Bacterial cellulose/hyaluronic acid nanocomposites production through co-culturing Gluconacetobacter hansenii and Lactococcus lactis in a two-vessel circulating system.

机构信息

Department of Agricultural and Biological Engineering, The Pennsylvania State University, University Park, PA 16802, USA.

Department of Agricultural and Biological Engineering, The Pennsylvania State University, University Park, PA 16802, USA.

出版信息

Bioresour Technol. 2019 Oct;290:121715. doi: 10.1016/j.biortech.2019.121715. Epub 2019 Jun 27.

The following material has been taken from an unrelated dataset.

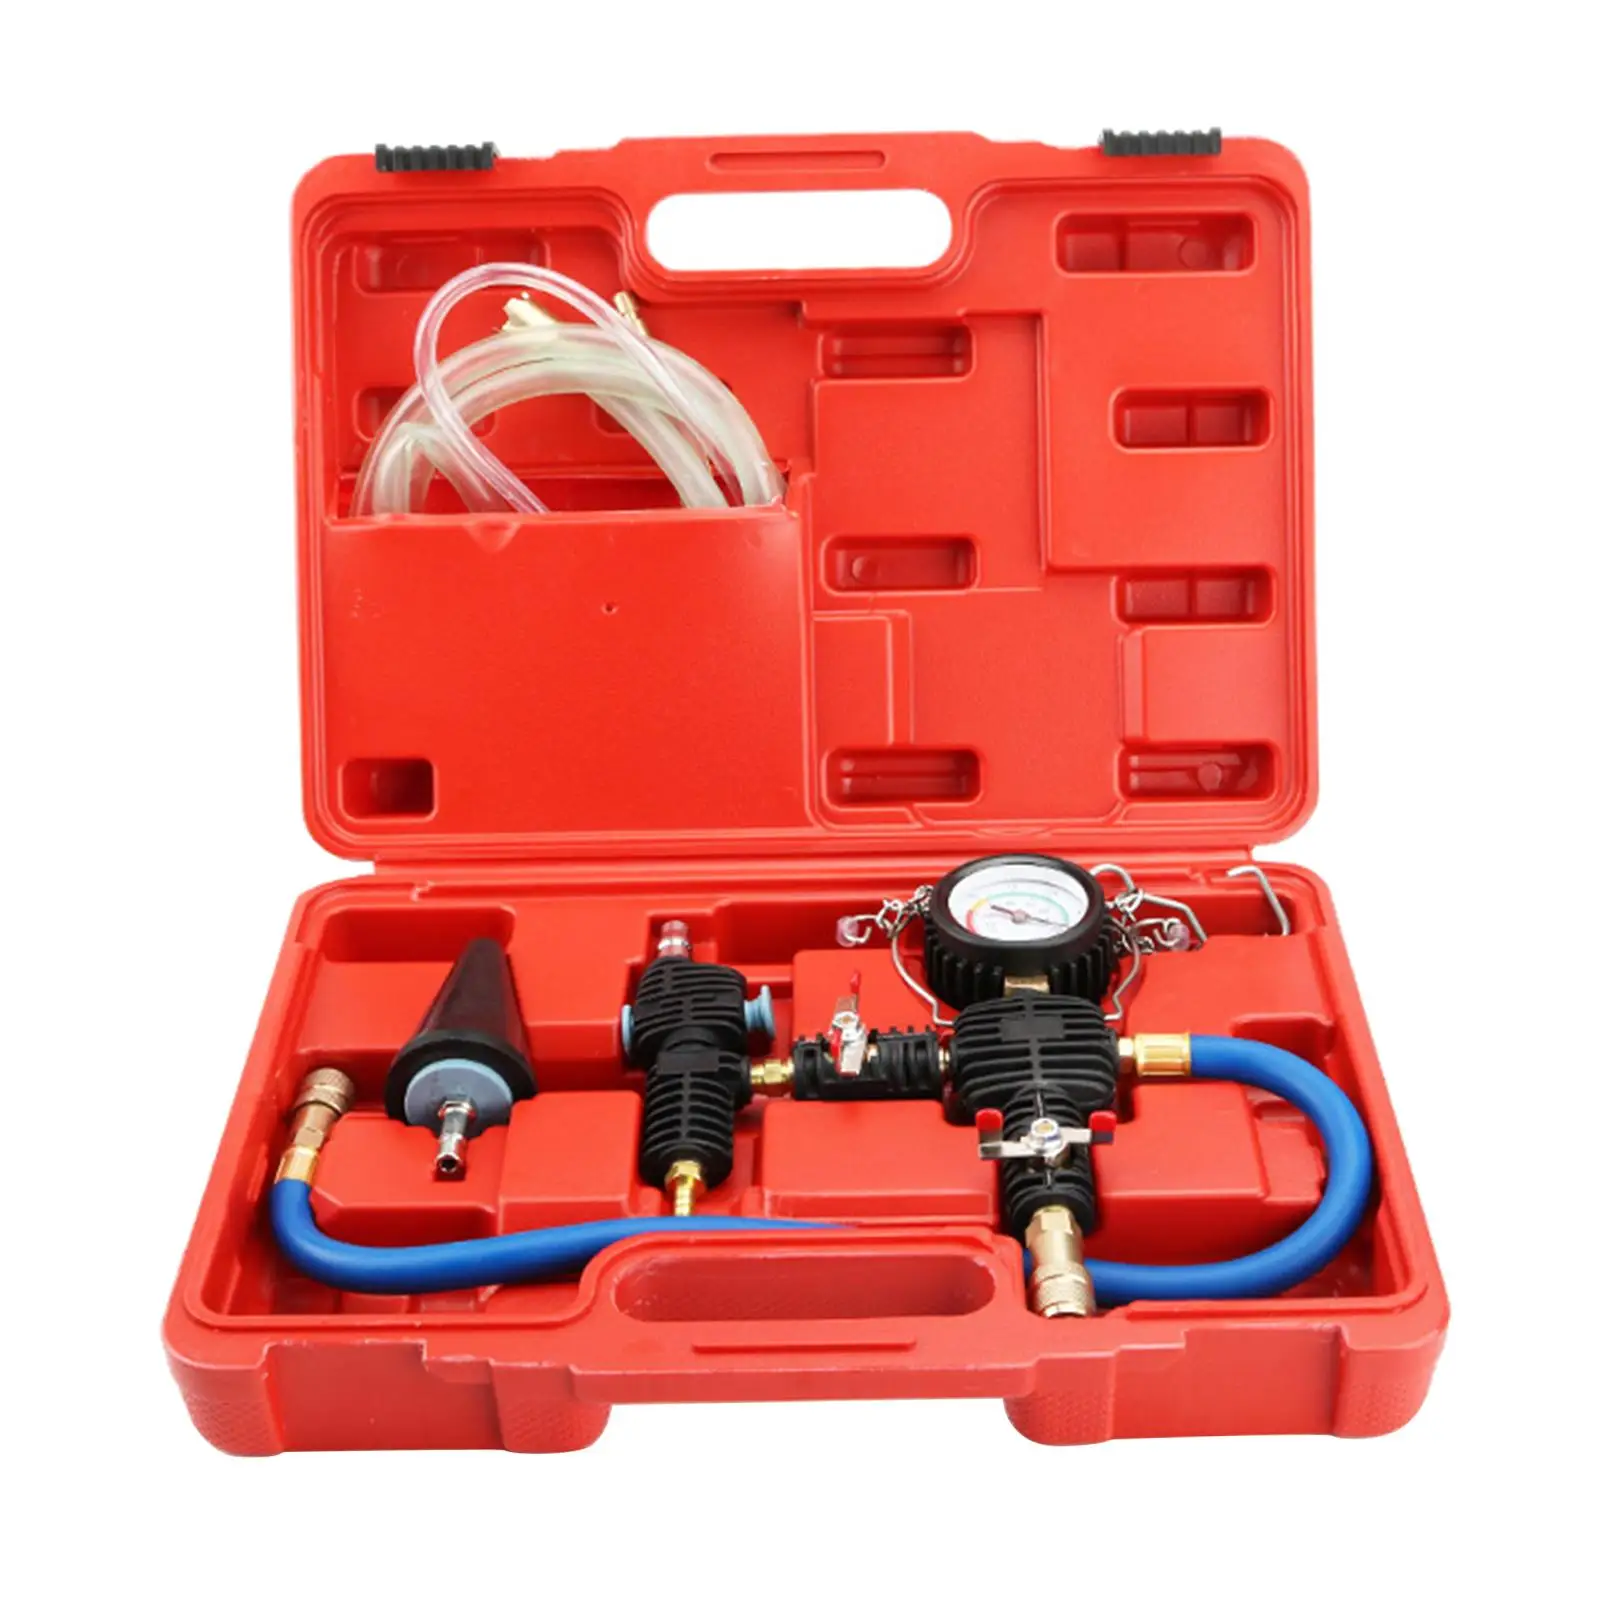 Vacuum Purge Coolant Refill Tool Water Tank Vacuum Antifreeze Filler Set Replace Tool Set with Hose for Automotive SUV Car Truck

DOI:10.1016/j.biortech.2019.121715
PMID:31295575
Abstract

Bacterial cellulose (BC) based composites have been widely studied in the biomedical field. In this study, the BC/HA (hyaluronic acid) nanocomposites in the pellicle form were directly produced through co-culturing Gluconacetobacter hansenii ATCC 23769 and Lactococcus lactis APJ3 in a novel two-vessel circulating system. The concentration of HA secreted by L. lactis was controlled through adjusting the constant feed rate of glucose. The dynamic growth of the strains revealed that L. lactis was mainly growing within 48 h while G. hansenii started to grow after 48 h. XRD analysis indicated the presence of HA would not affect the crystallinity of cellulose but increase the crystalline sizes. The FESEM images showed that more ribbons within the width of 20-40 nm and larger ribbons between 180 and 360 nm were observed in BC/HA. The strain at break and the water holding capacity of BC/HA increased with the concentration of HA.

摘要

基于细菌纤维素 (BC) 的复合材料在生物医学领域得到了广泛研究。在本研究中,通过在新型两容器循环系统中共同培养 Gluconacetobacter hansenii ATCC 23769 和 Lactococcus lactis APJ3,直接制备了膜状的 BC/HA(透明质酸)纳米复合材料。通过调整葡萄糖的恒速进料率来控制 L. lactis 分泌的 HA 的浓度。菌株的动态生长表明,L. lactis 主要在 48 小时内生长,而 G. hansenii 在 48 小时后开始生长。XRD 分析表明,HA 的存在不会影响纤维素的结晶度,但会增加结晶尺寸。FESEM 图像显示,在 BC/HA 中观察到更多宽度在 20-40nm 之间的带状物和宽度在 180-360nm 之间的较大带状物。BC/HA 的断裂应变和持水能力随 HA 浓度的增加而增加。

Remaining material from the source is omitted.